▶ _What you are asked to do_: Below are records to retype exactly, except for the pictures.

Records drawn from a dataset
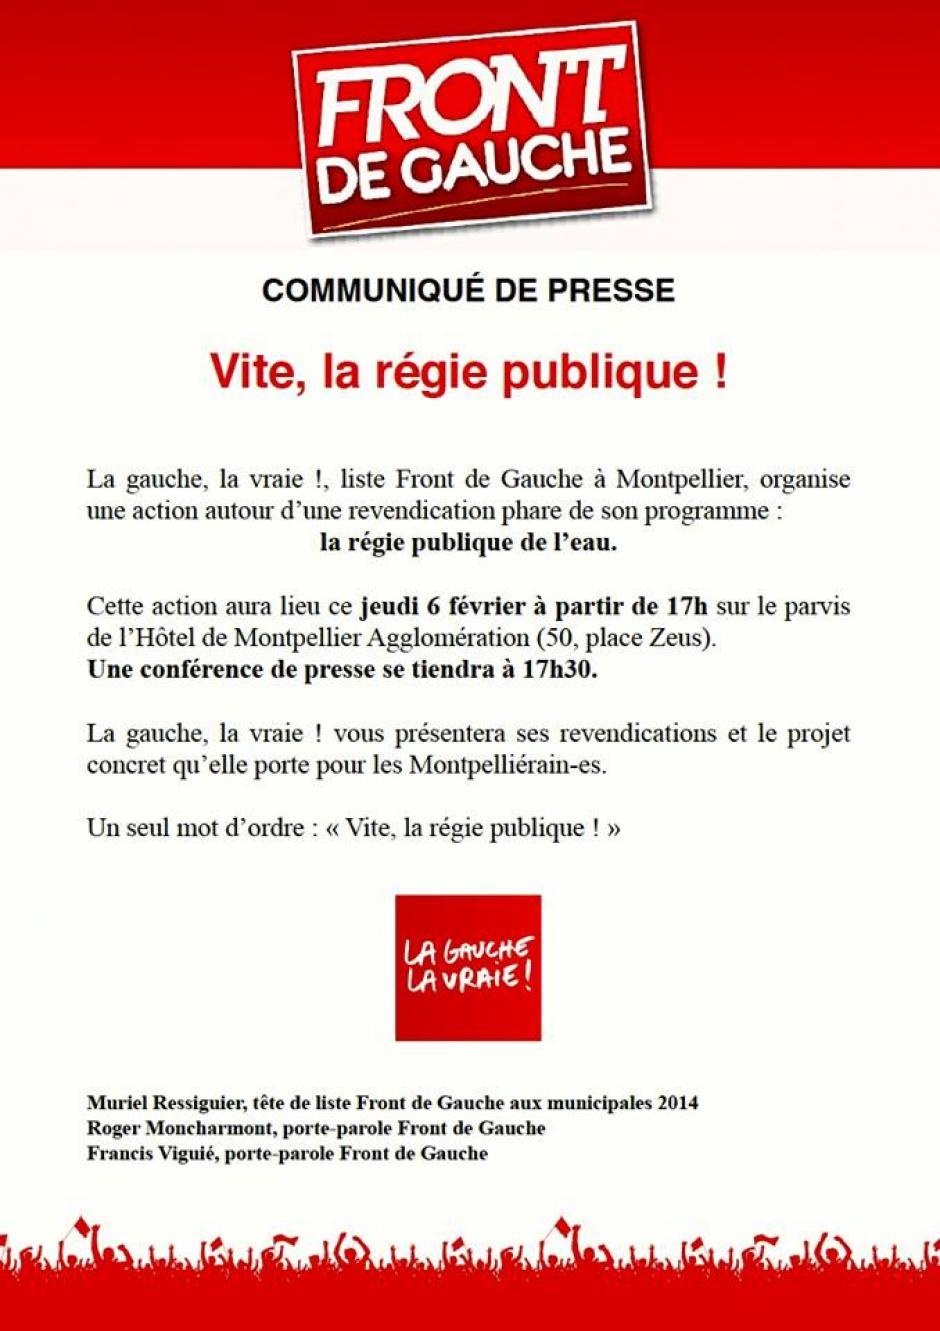 Communiqué de presse : VITE LA REGIE PUBLIQUE !
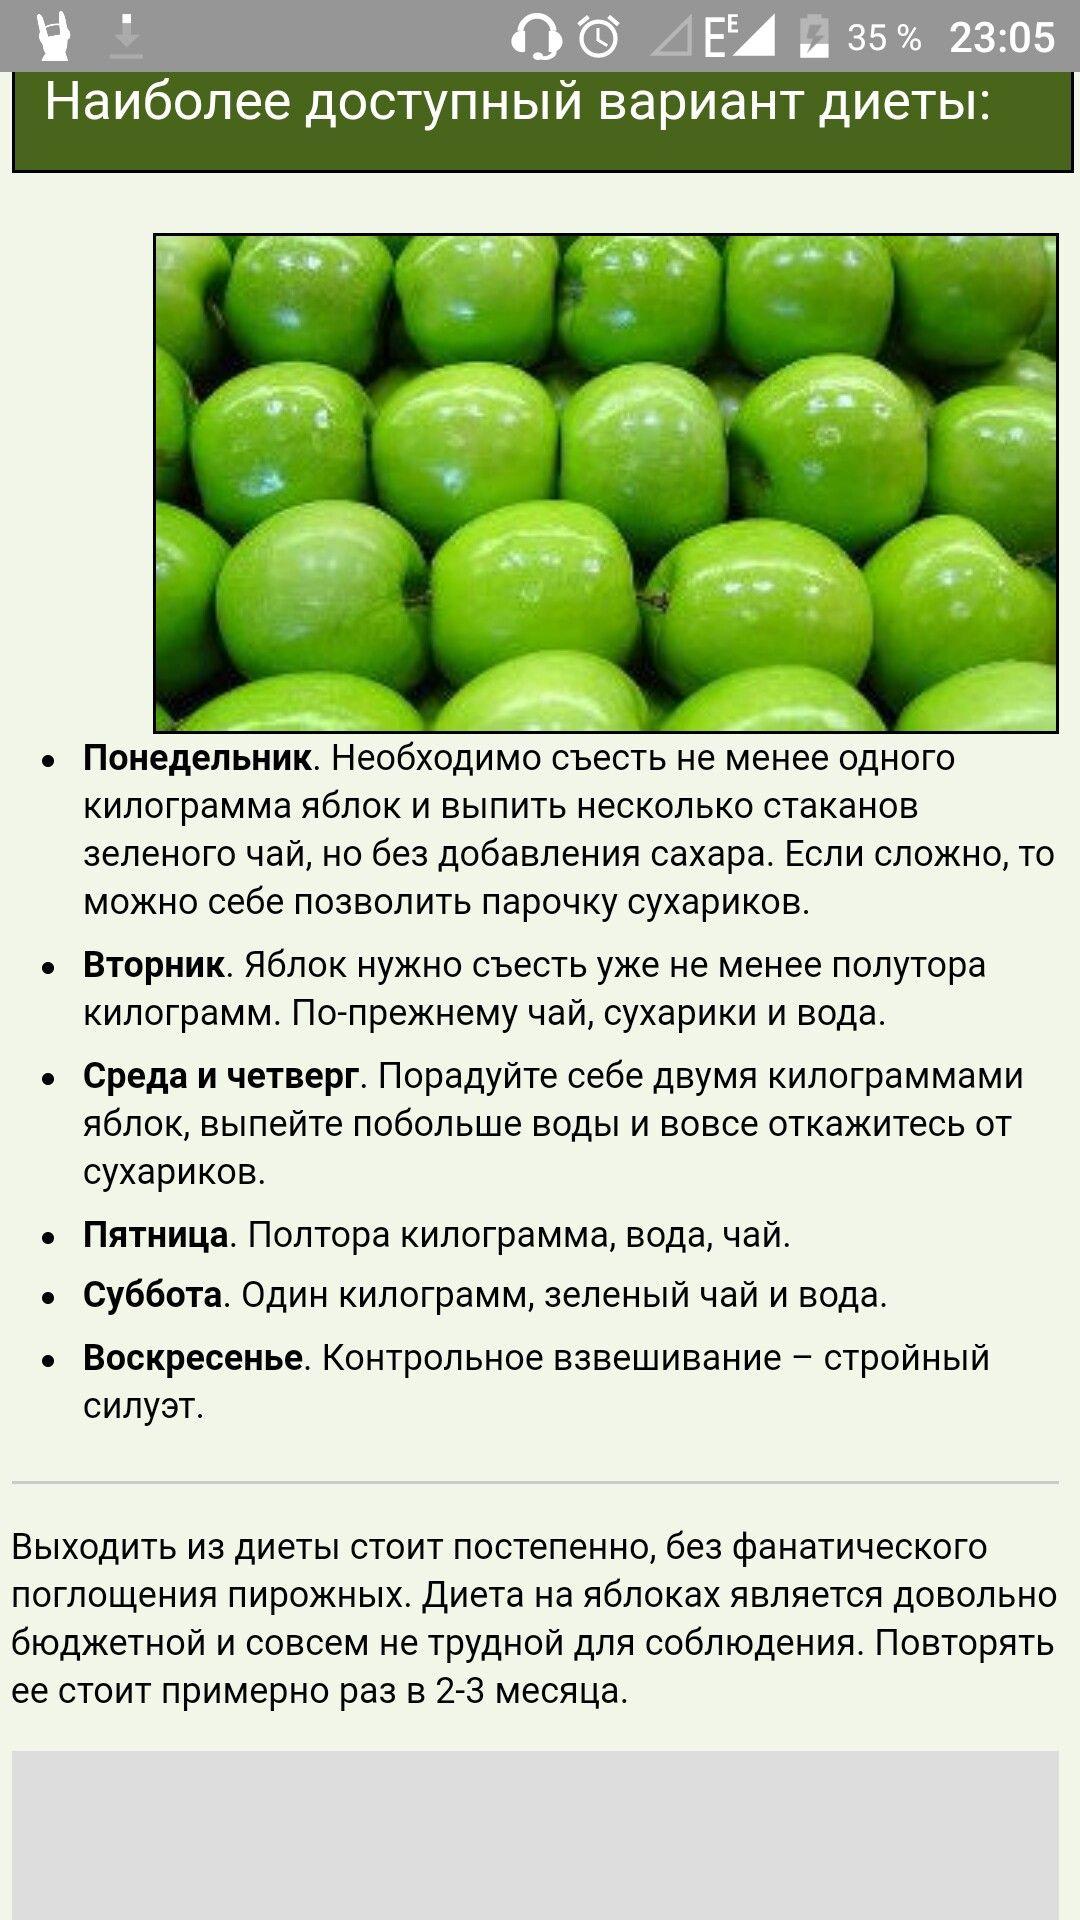 Яблочная диета для похудения за день
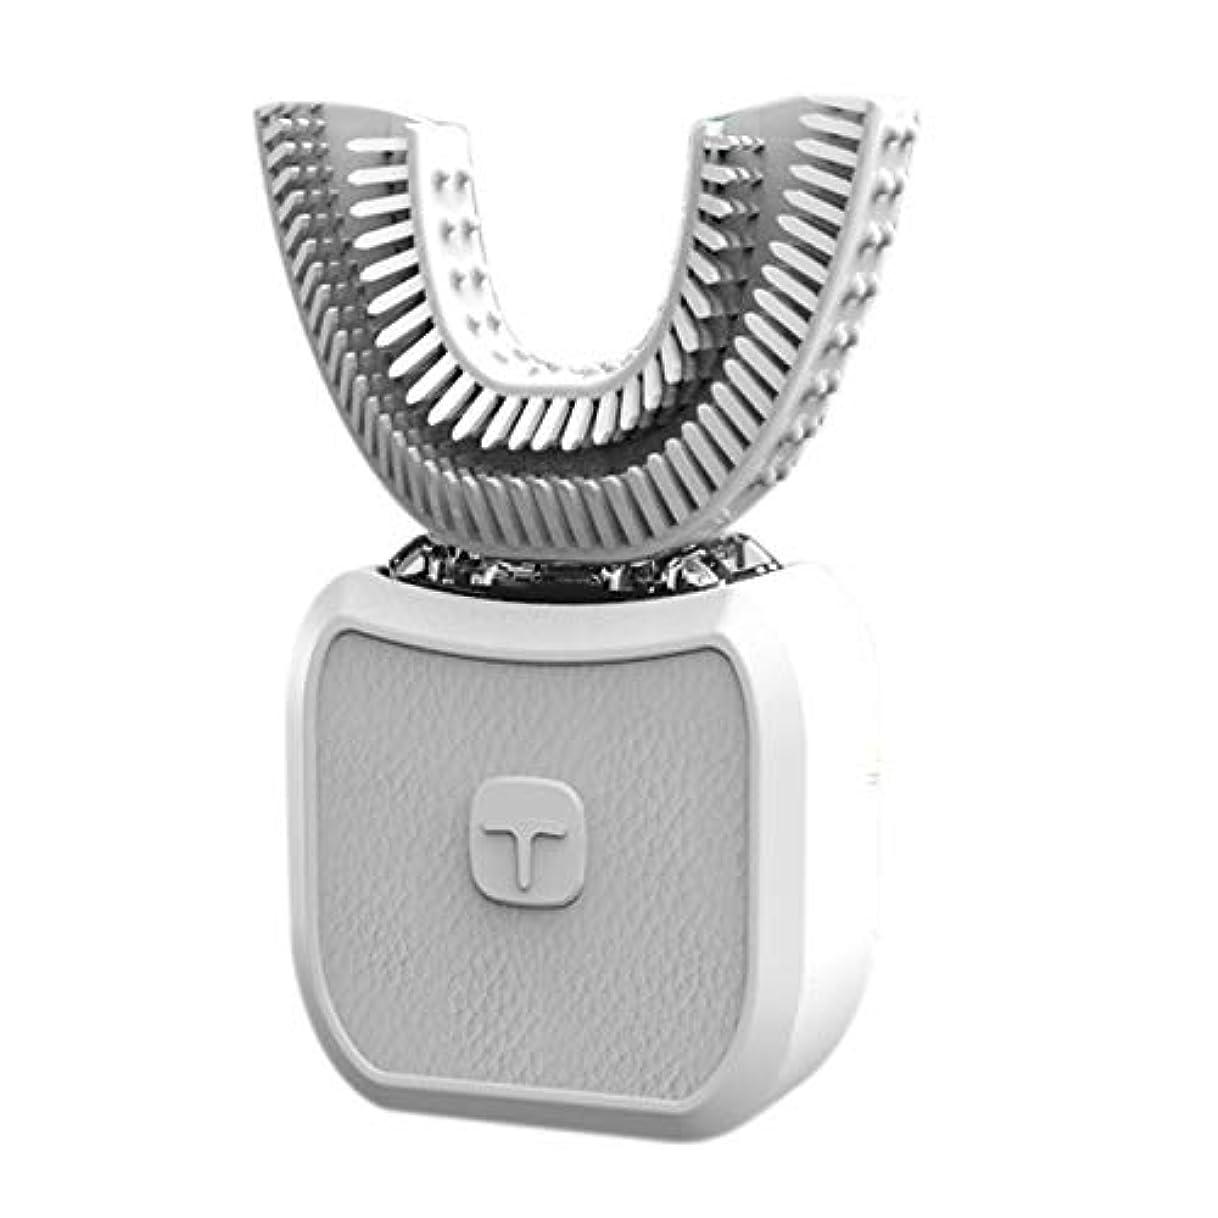 サンドイッチ包囲フェリーフルオートマチック可変周波数電動歯ブラシ、自動360度U字型電動歯ブラシ、ワイヤレス充電IPX7防水自動歯ブラシ(大人用),White
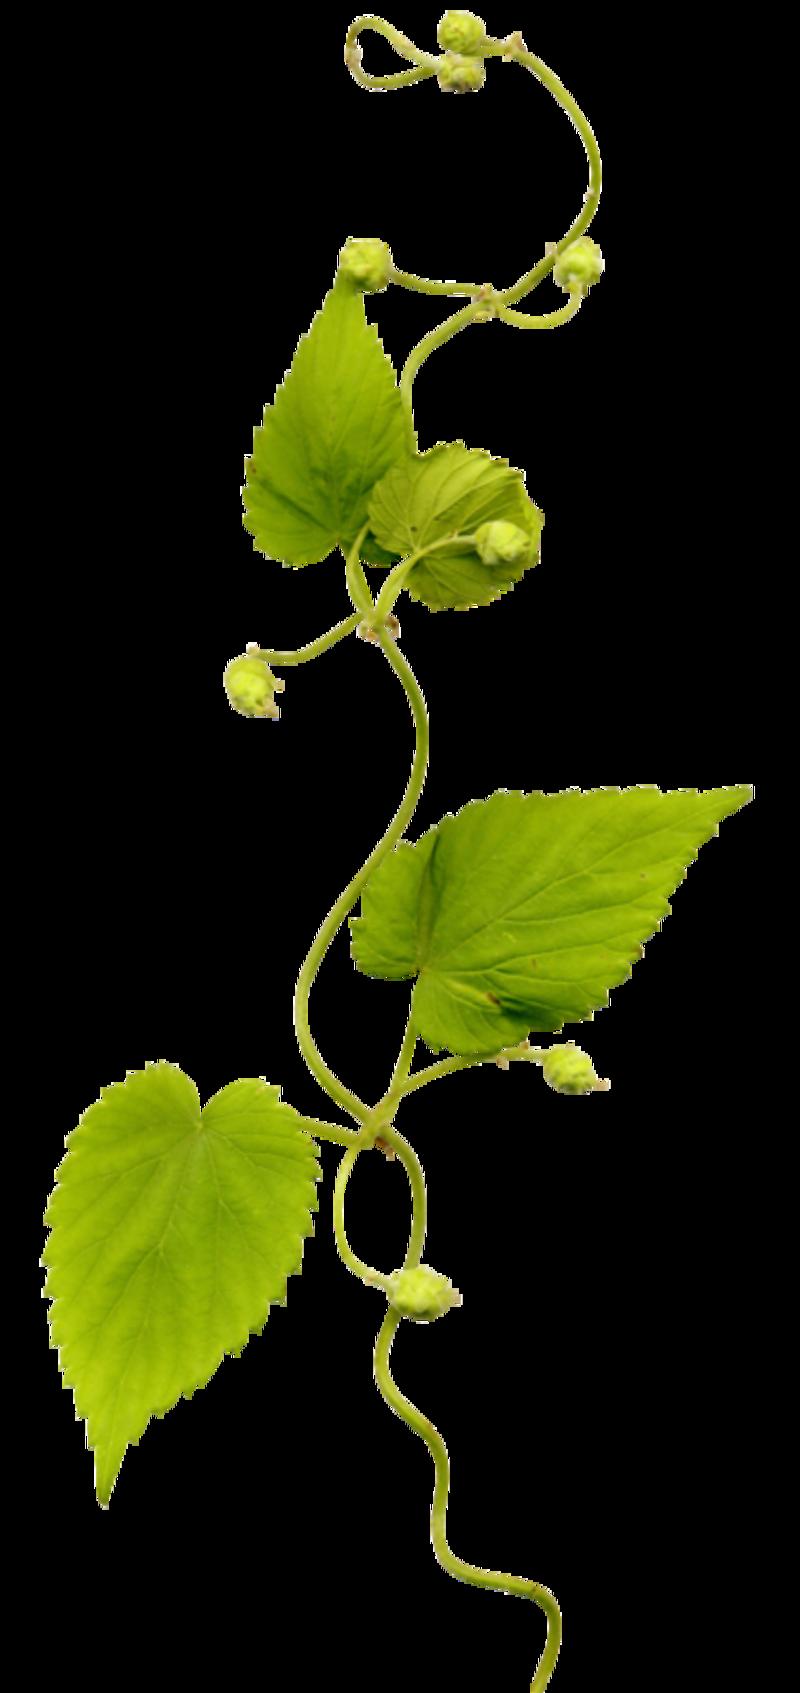 Plante Grimpante Dessin
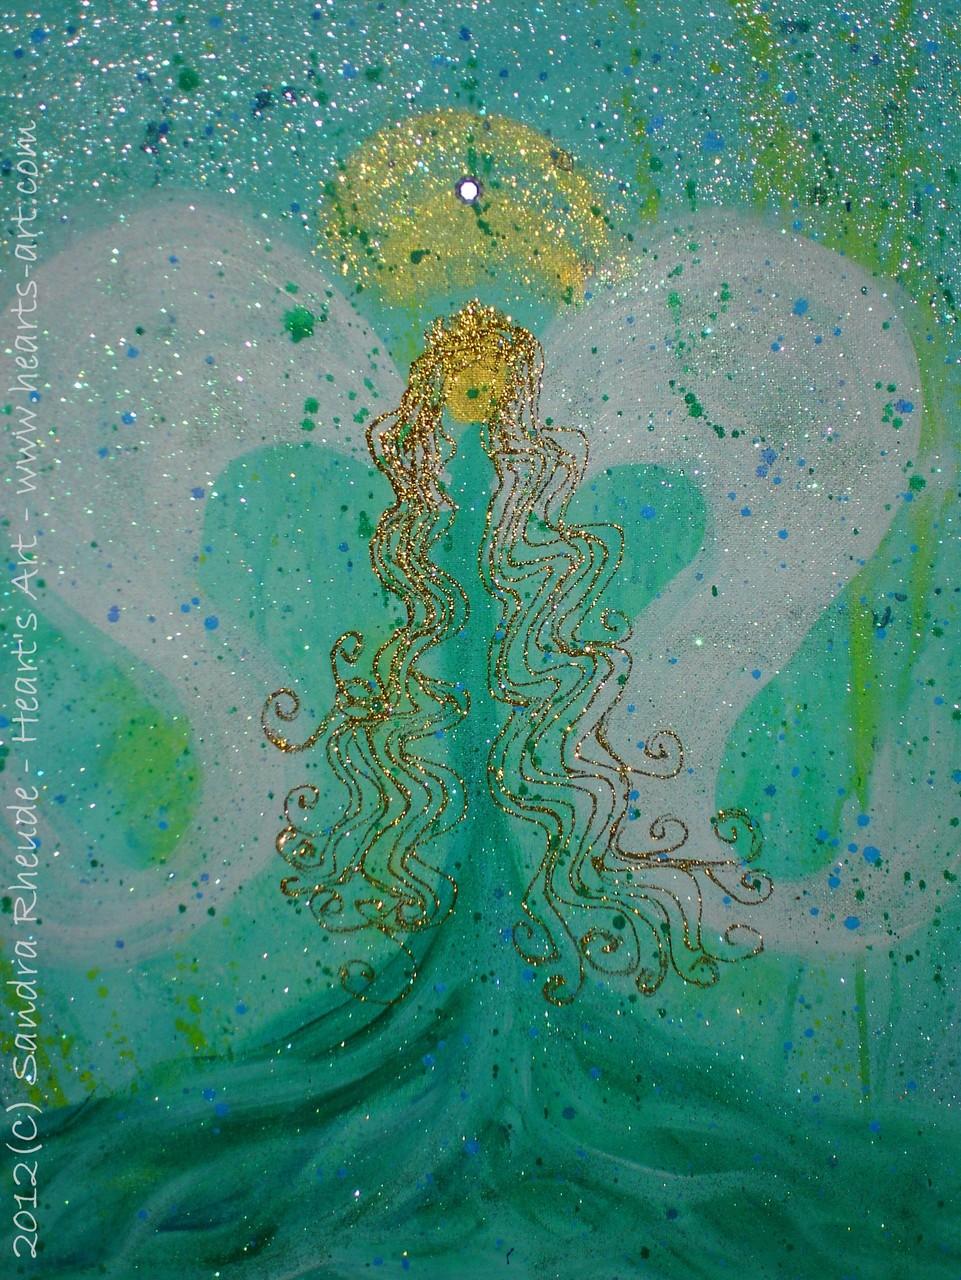 'Raphael' - 2012/3 - Acryl auf Leinwand - 40 x 50 cm - verkauft
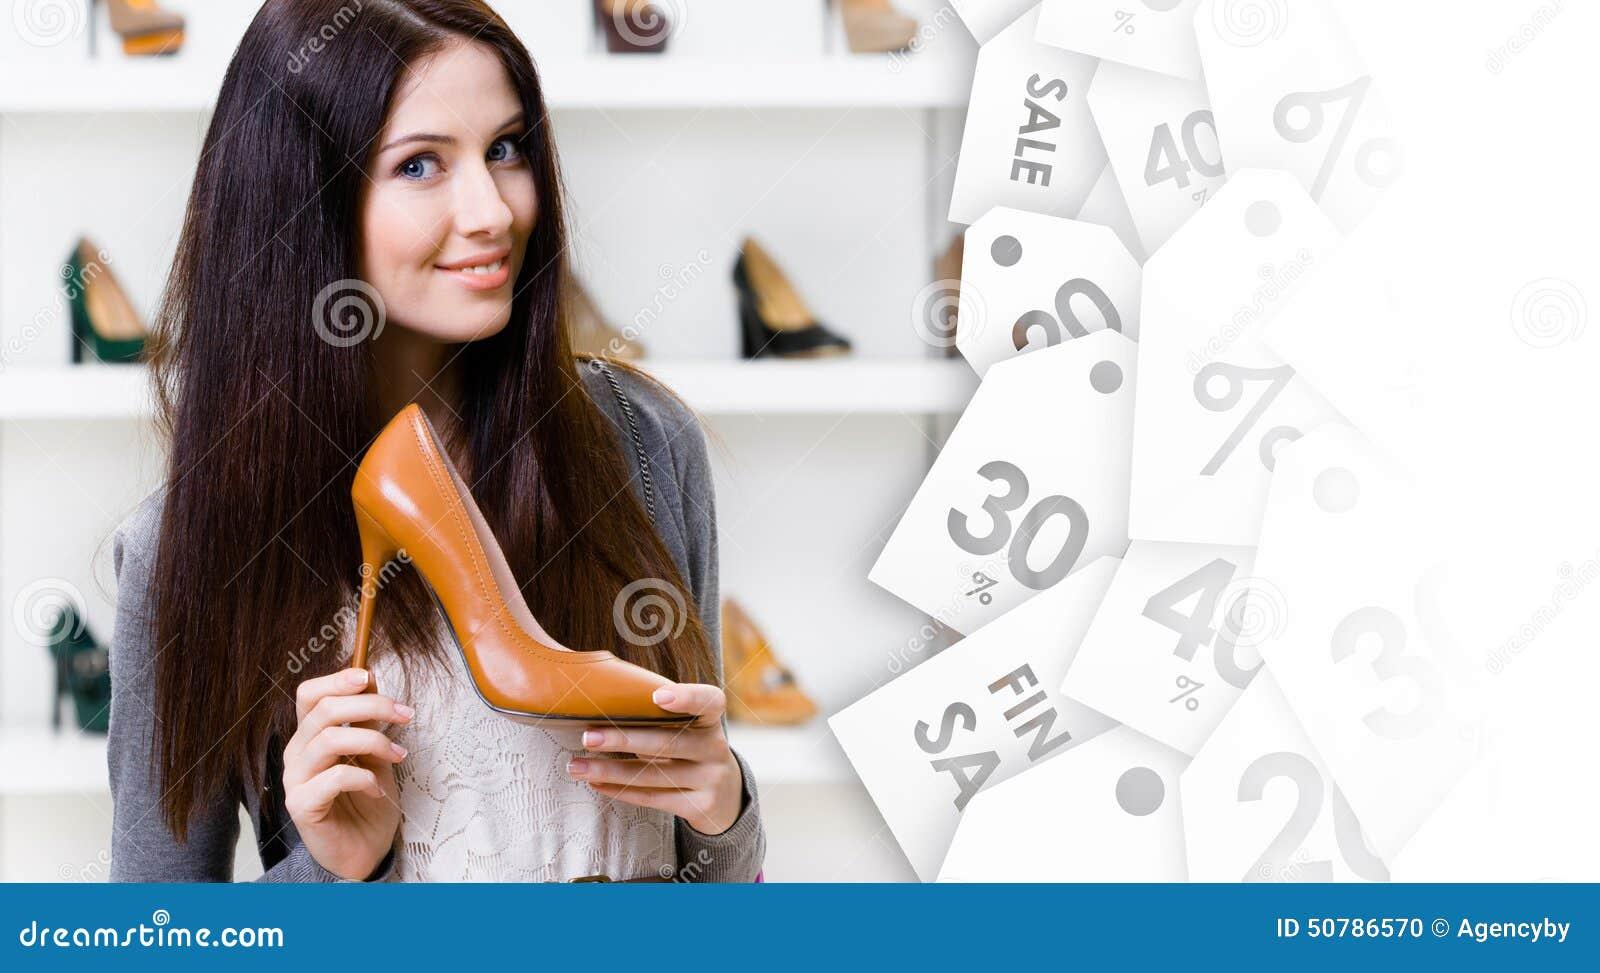 Den nätta kvinnan som håller höjdpunkt, heeled skon på utförsäljning

▶ _Result of this exercise_:
 Communiqué de presse : VITE LA REGIE PUBLIQUE !
 Яблочная диета для похудения за день
 サンドイッチ包囲フェリーフルオートマチック可変周波数電動歯ブラシ、自動360度U字型電動歯ブラシ、ワイヤレス充電IPX7防水自動歯ブラシ(大人用),White
 Plante Grimpante Dessin
 'Raphael' - 2012/3 - Acryl auf Leinwand - 40 x 50 cm - verkauft
 Den nätta kvinnan som håller höjdpunkt, heeled skon på utförsäljning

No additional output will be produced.